## SUPPLIED INFORMATION
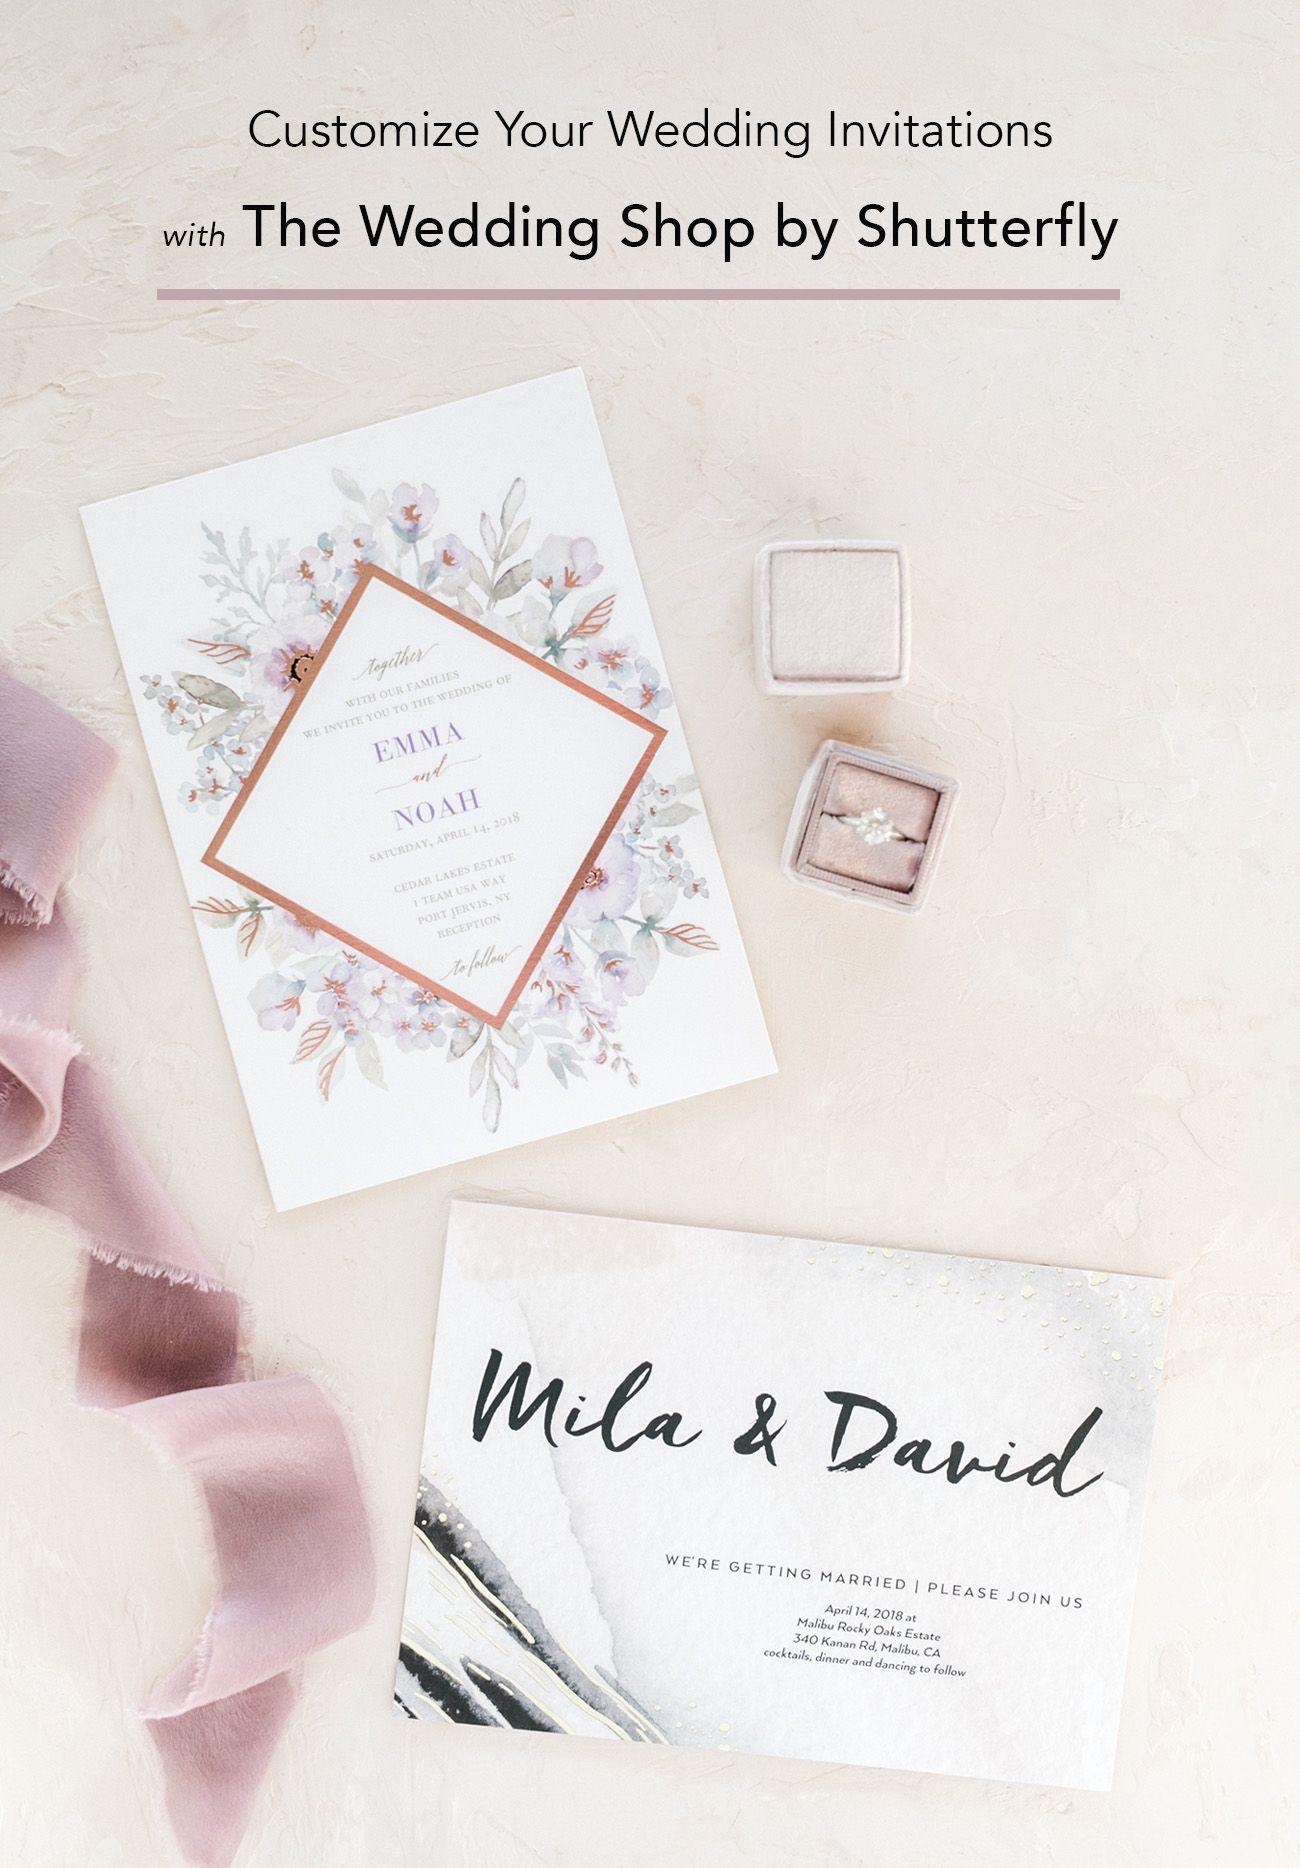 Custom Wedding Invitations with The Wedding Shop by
--
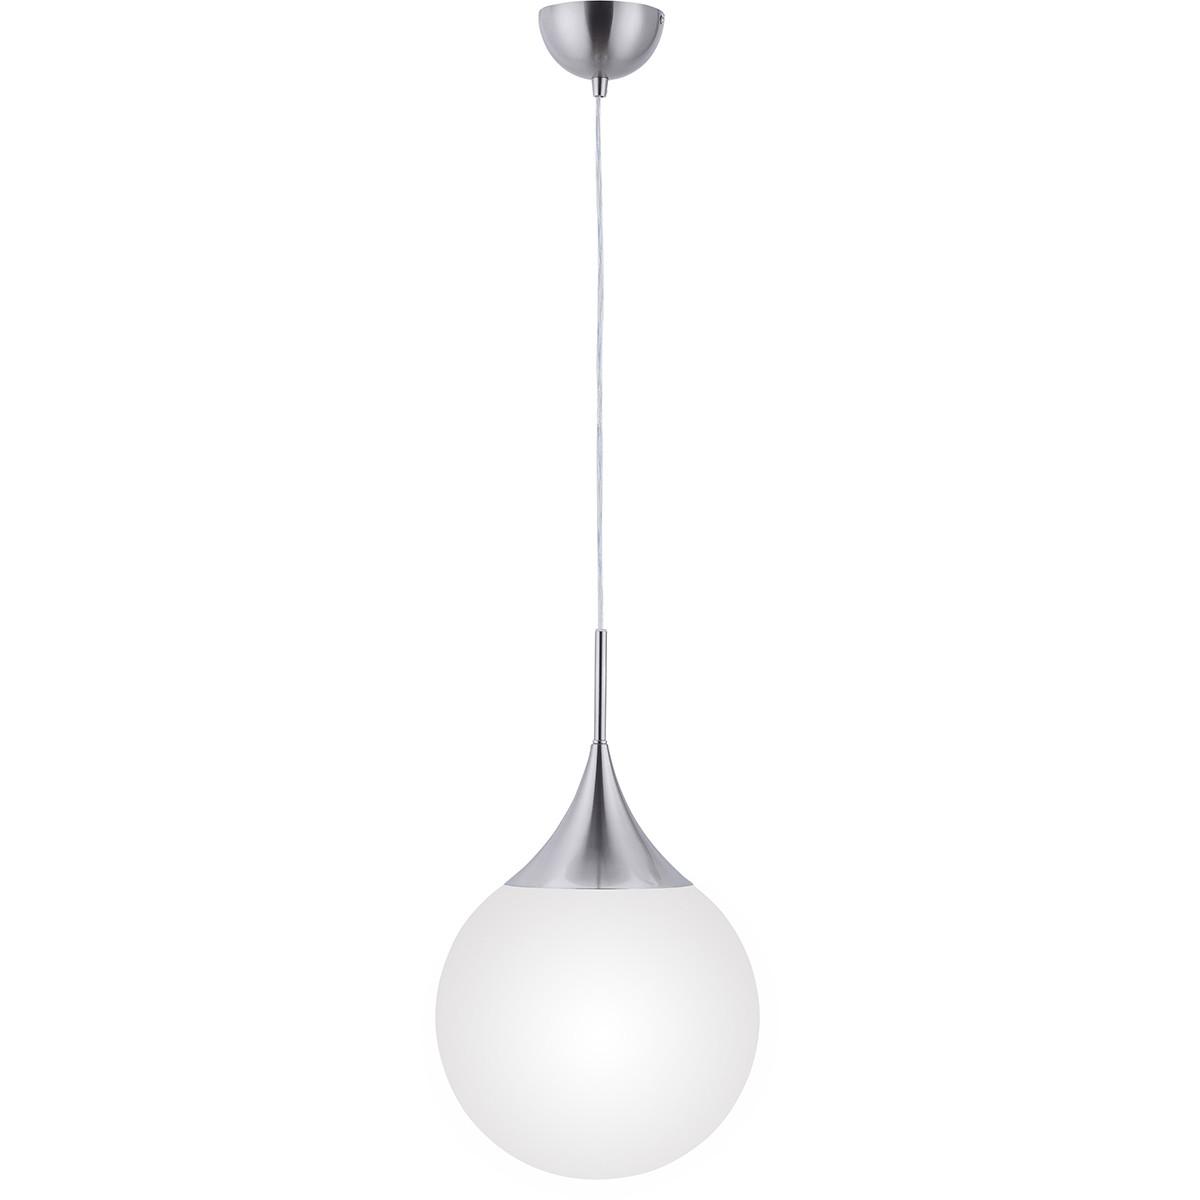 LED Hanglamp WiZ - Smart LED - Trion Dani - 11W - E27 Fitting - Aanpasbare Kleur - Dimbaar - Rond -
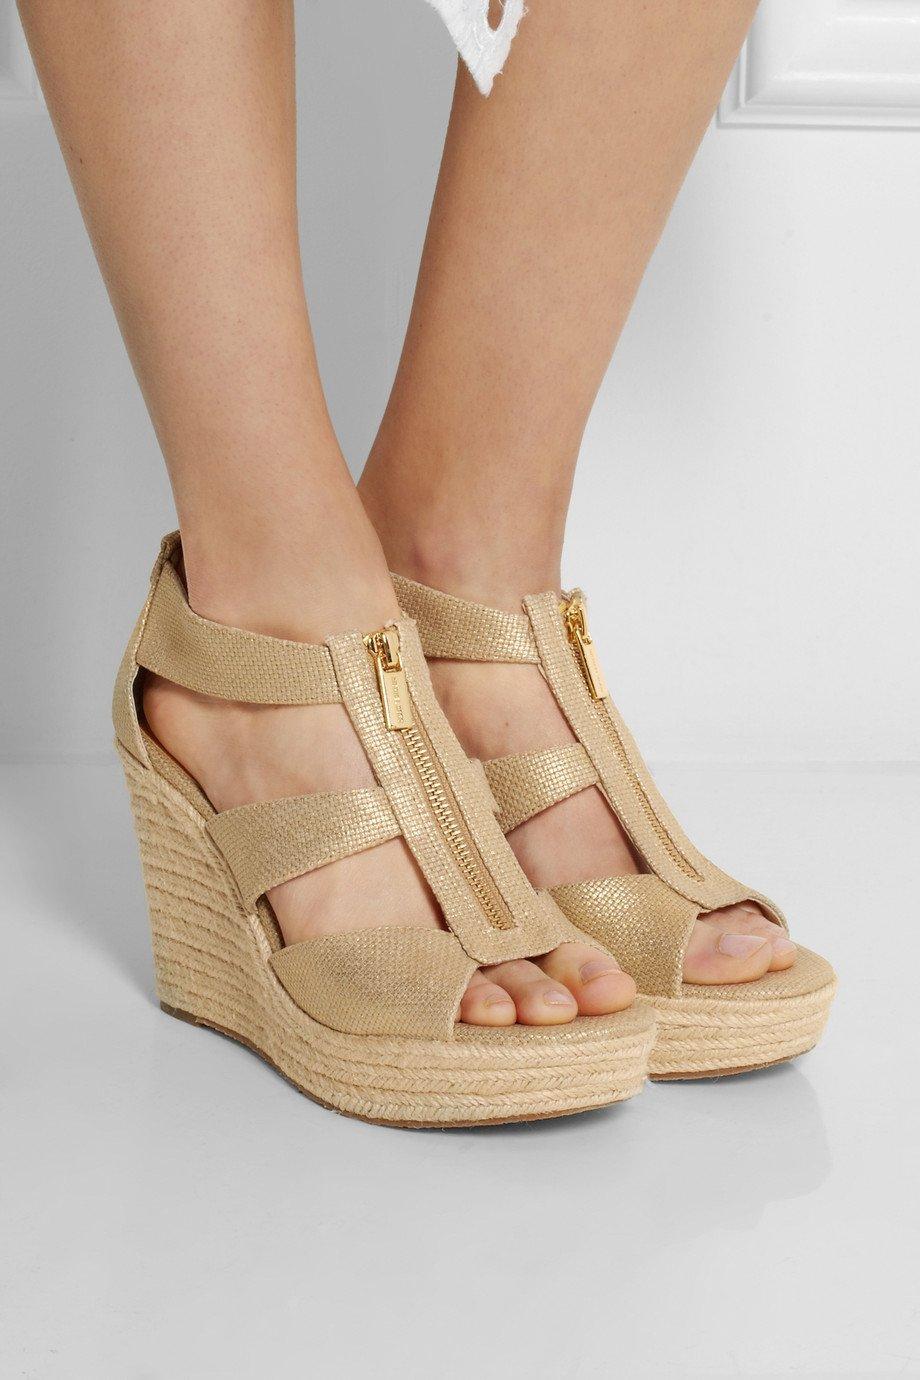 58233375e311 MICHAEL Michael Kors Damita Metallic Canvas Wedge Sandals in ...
==
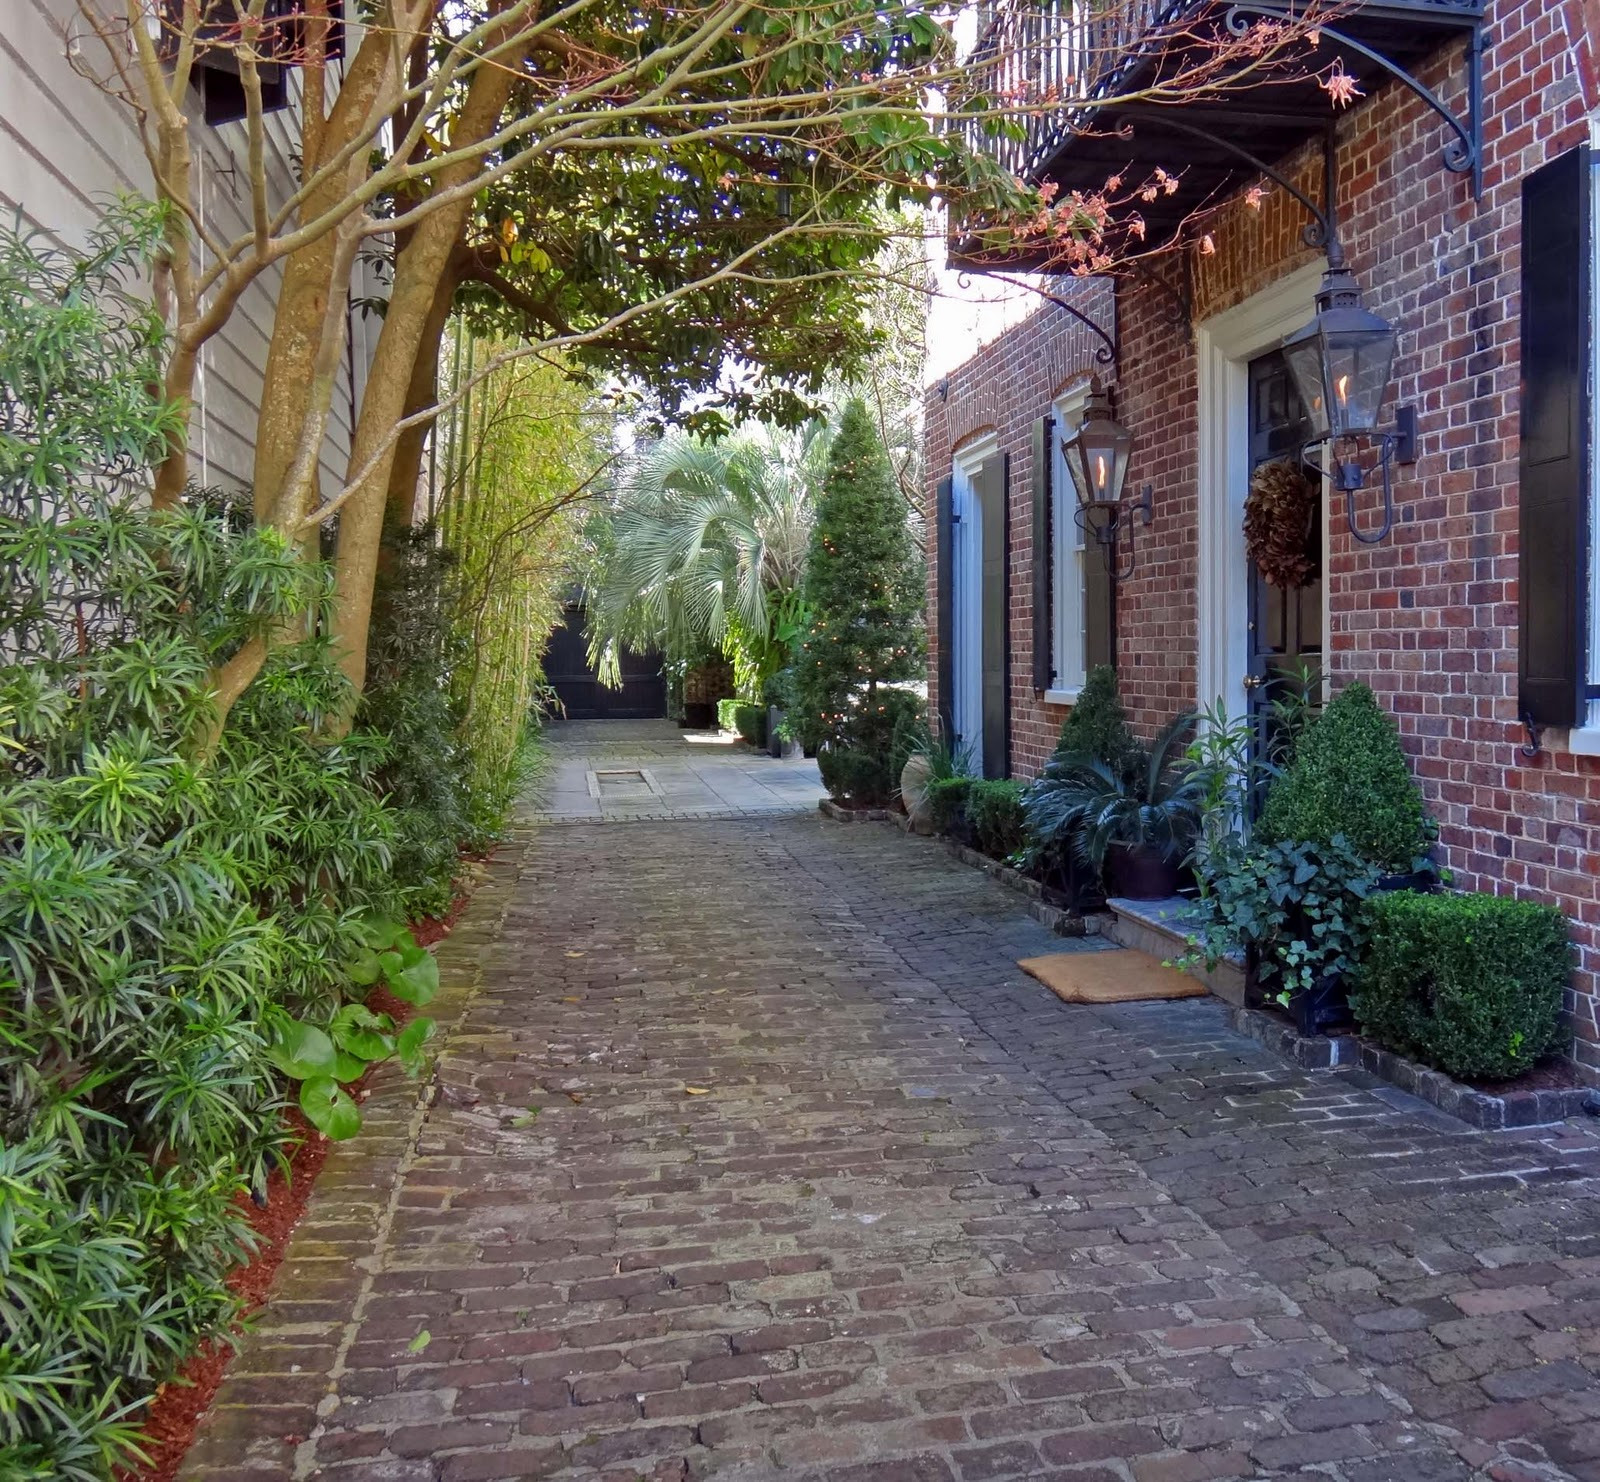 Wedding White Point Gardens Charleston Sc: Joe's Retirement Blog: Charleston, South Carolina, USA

## THE TASK
Would you set down only the lines above from the line with "LED Hanglamp WiZ" to the line with "58233375e311 MICHAEL Michael", both included, exactly as they stand and without the pictures?

## SOLVED EXERCISE
 LED Hanglamp WiZ - Smart LED - Trion Dani - 11W - E27 Fitting - Aanpasbare Kleur - Dimbaar - Rond -
 58233375e311 MICHAEL Michael Kors Damita Metallic Canvas Wedge Sandals in ...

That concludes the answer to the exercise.